Maia, Sofie, Kasper, and Dan formed a protective circle around Laura, and Mercury stayed by her side. The group walked on, managing to keep together and to avoid any major incident, though Kasper’s legs were both bleeding from his encounter with the crocodile, and Dan was rubbing his arm: He’d been walloped in the elbow by another nymph trying to grab Laura’s dress. Progress was slow with so many of them limping, especially with the bees swarming them and, for one terrifying moment, Kasper’s abandoned horse charging toward them—stopped only by a police van reversing into its path.
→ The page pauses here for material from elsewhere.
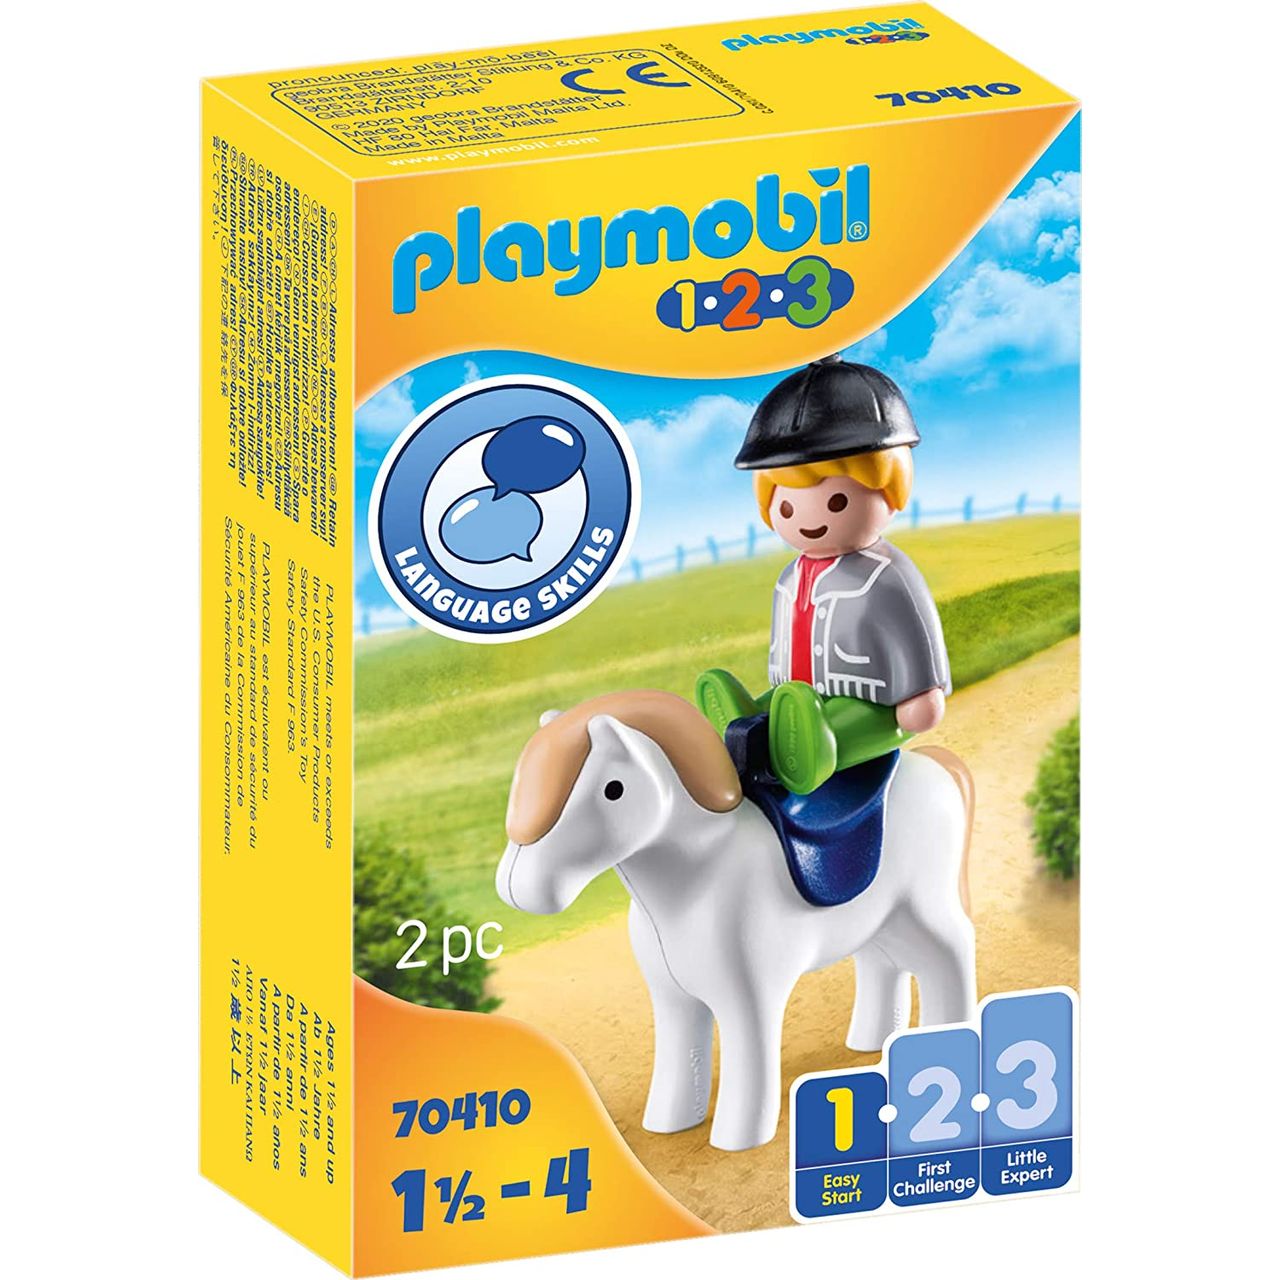 Feenspielplatz 70400 mit 3 Lernstufen ab 1,5-4 J.Neu & OVP! Playmobil ® 1.2.3 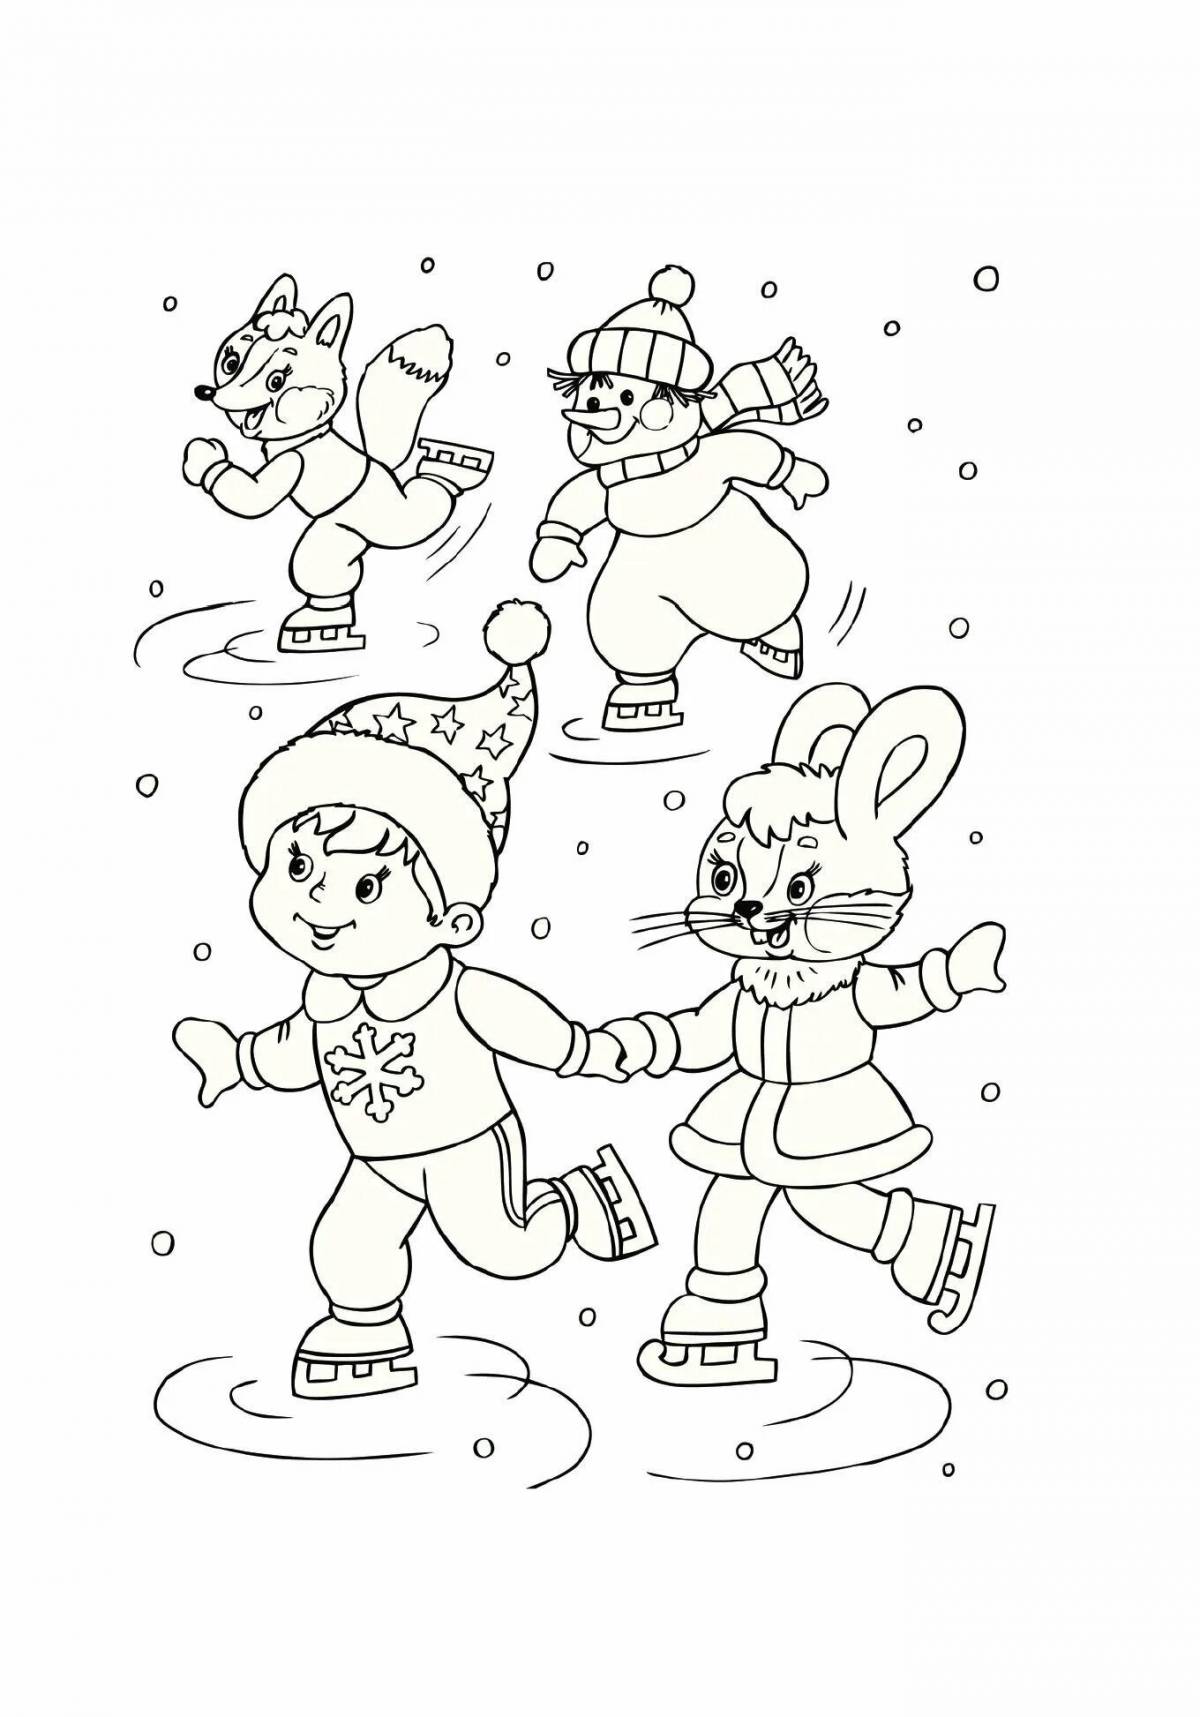 Dazzling santa claus and bunny coloring book

The huge marble monument on Piazza Venezia, usually as stately as an oversized wedding cake, was another field of battle today. Its statues of Winged Victories were hurling broken-off pieces of columns at anyone passing, and the bronze horses galloped headlong down the flights of stairs, chariots bouncing behind them. Laura was speechless, but also, somehow, entranced by the ludicrous spectacle of it all.
Mercury directed their group down small streets, where lion-head doorknobs snapped at them. Sofie had to use a trash can to smash a persistent bull door knocker into smithereens, just as it was about to lunge at Kasper. It would be a miracle if they reached the Pantheon, Laura thought. It would be a miracle if the Pantheon was still intact.
In the Piazza della Minerva, outside the “elephant church,” the elephant still stood on its plinth. But it was trumpeting and tossing its head, the obelisk on its back shaking from side to side. As they passed, the elephant gave an almighty bellow, and tossed the obelisk aside as though it were an annoying fly. The obelisk cracked and scattered over the ground, and they had to run to avoid getting hit by the debris. Laura could only hope the elephant wouldn’t come charging after them.